### EXERCISE DESCRIPTION:
Would you give the listing again exactly, without its images?

### DATA SEGMENT:
++++++++

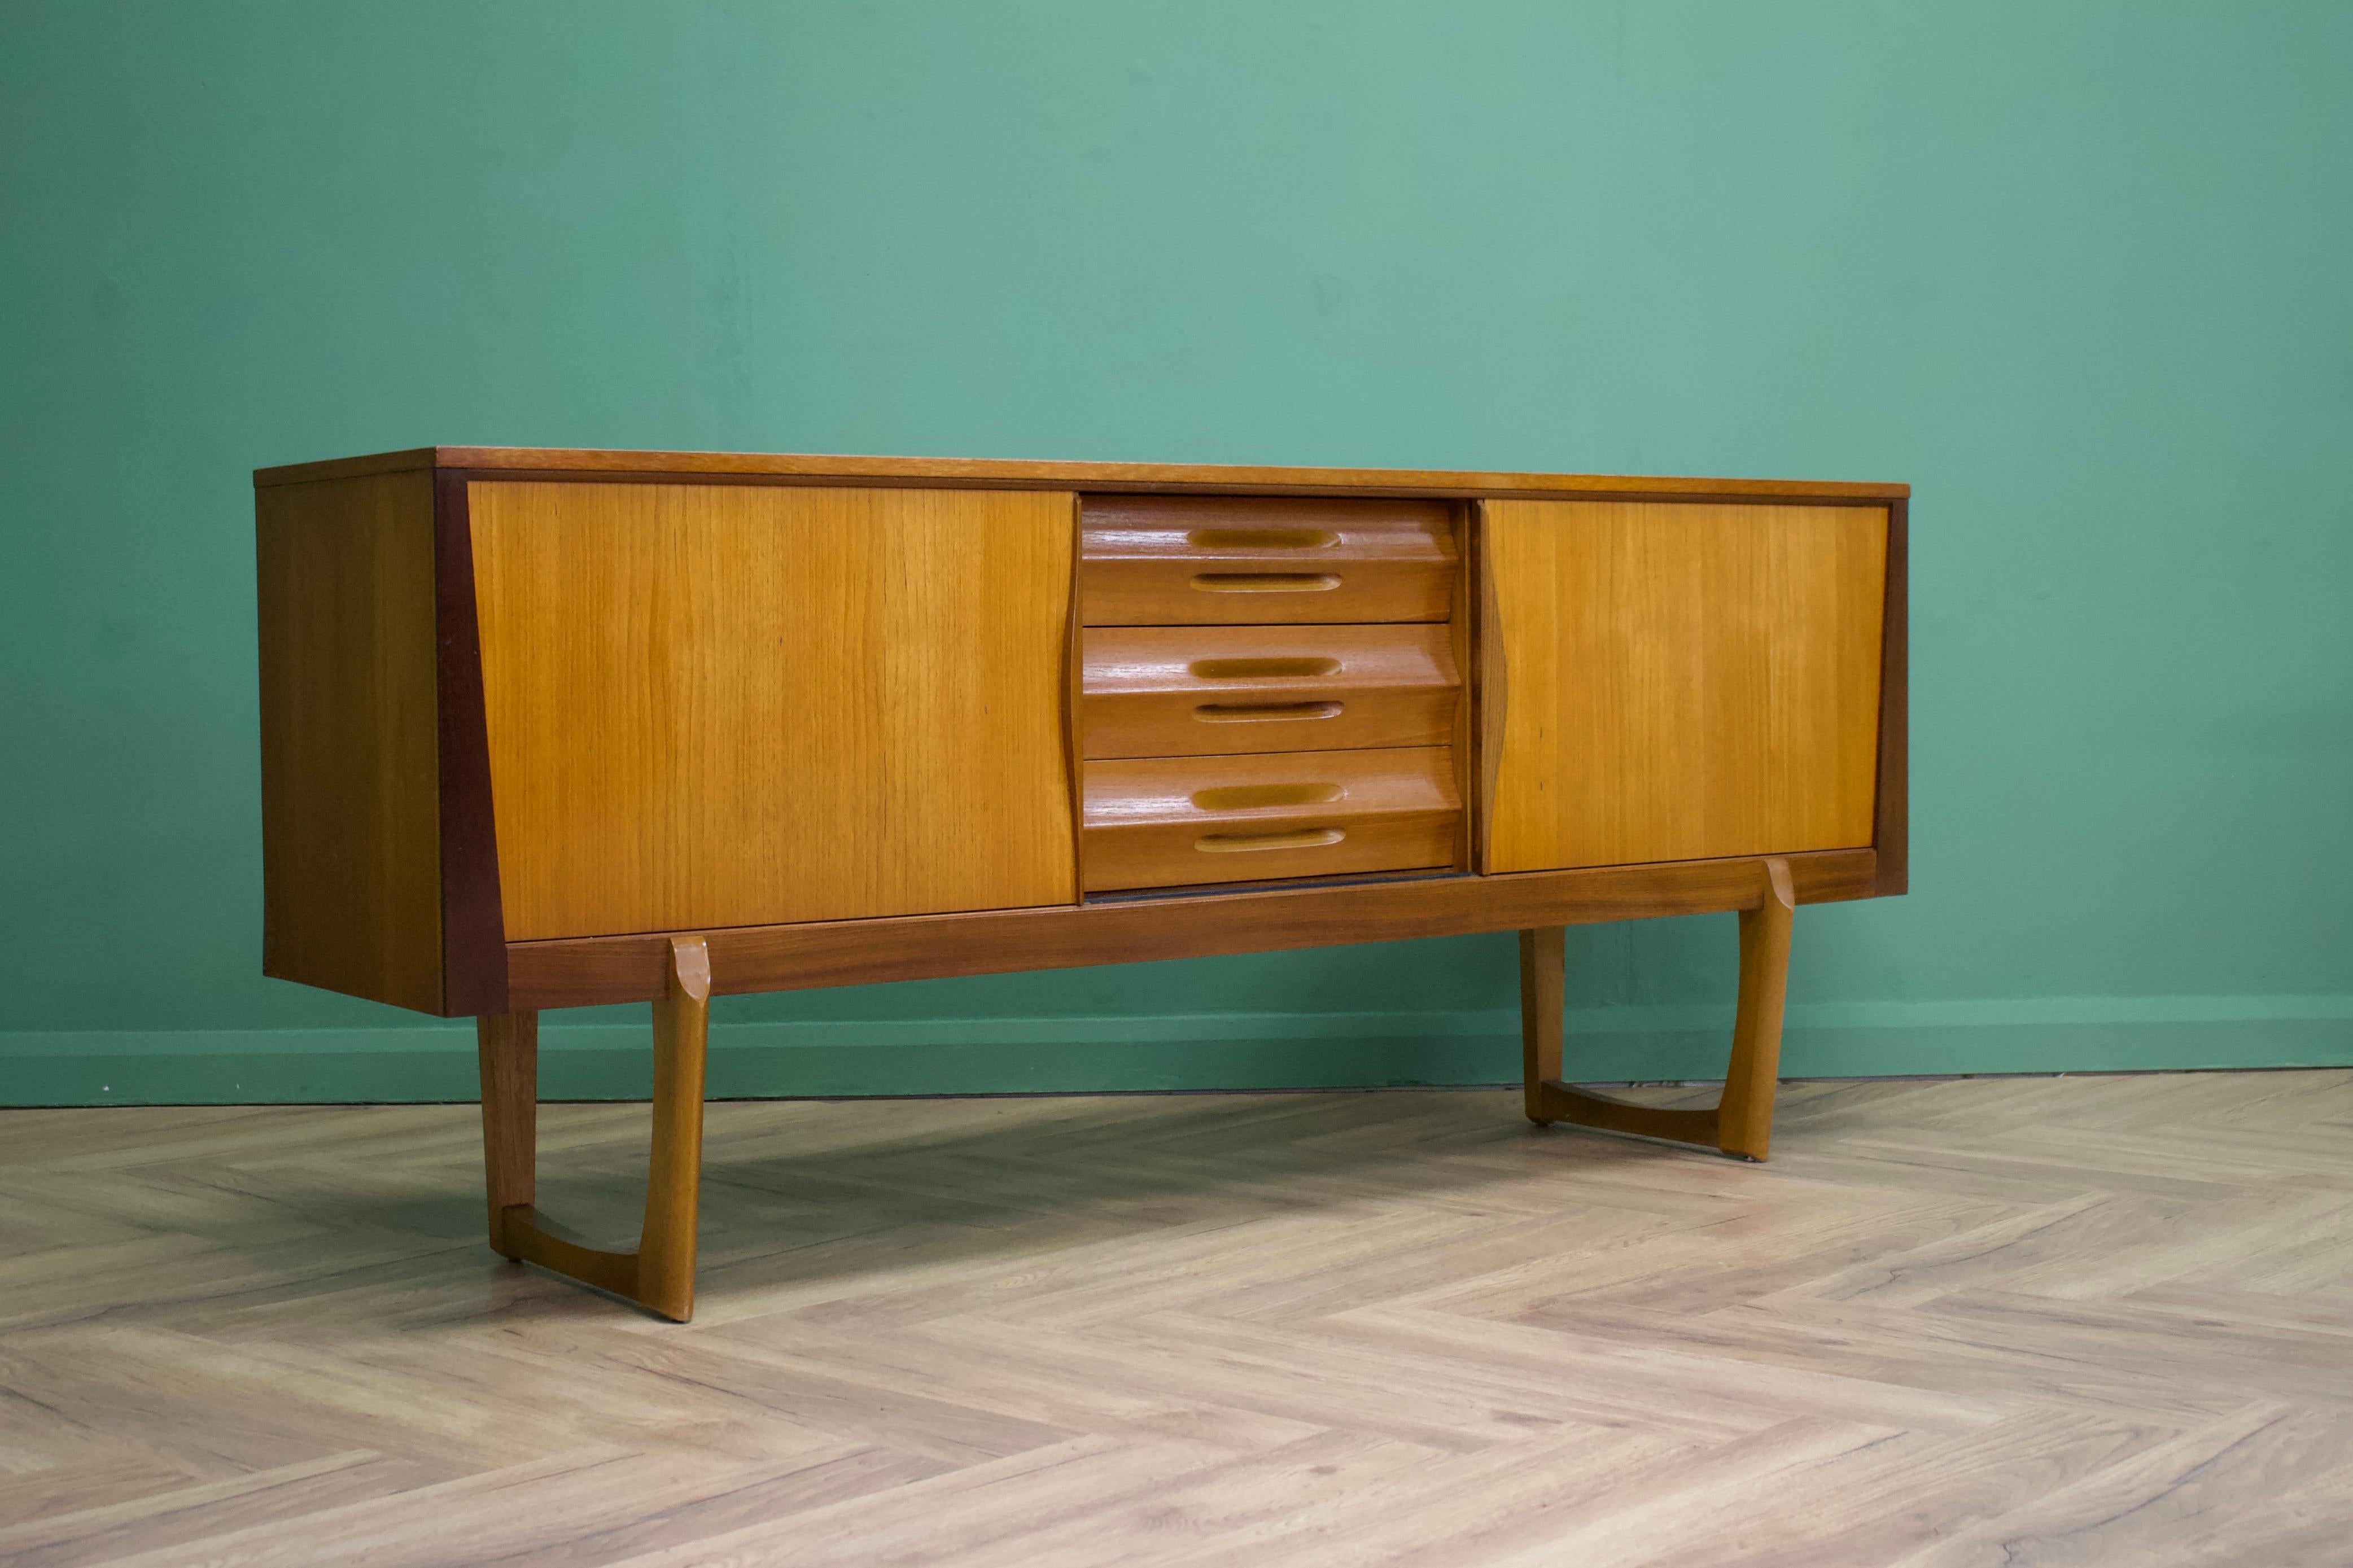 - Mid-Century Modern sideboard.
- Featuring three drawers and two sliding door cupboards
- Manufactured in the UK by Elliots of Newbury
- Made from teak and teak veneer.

++++++++

### ANSWER SECTION:
 - Mid-Century Modern sideboard.
- Featuring three drawers and two sliding door cupboards
- Manufactured in the UK by Elliots of Newbury
- Made from teak and teak veneer.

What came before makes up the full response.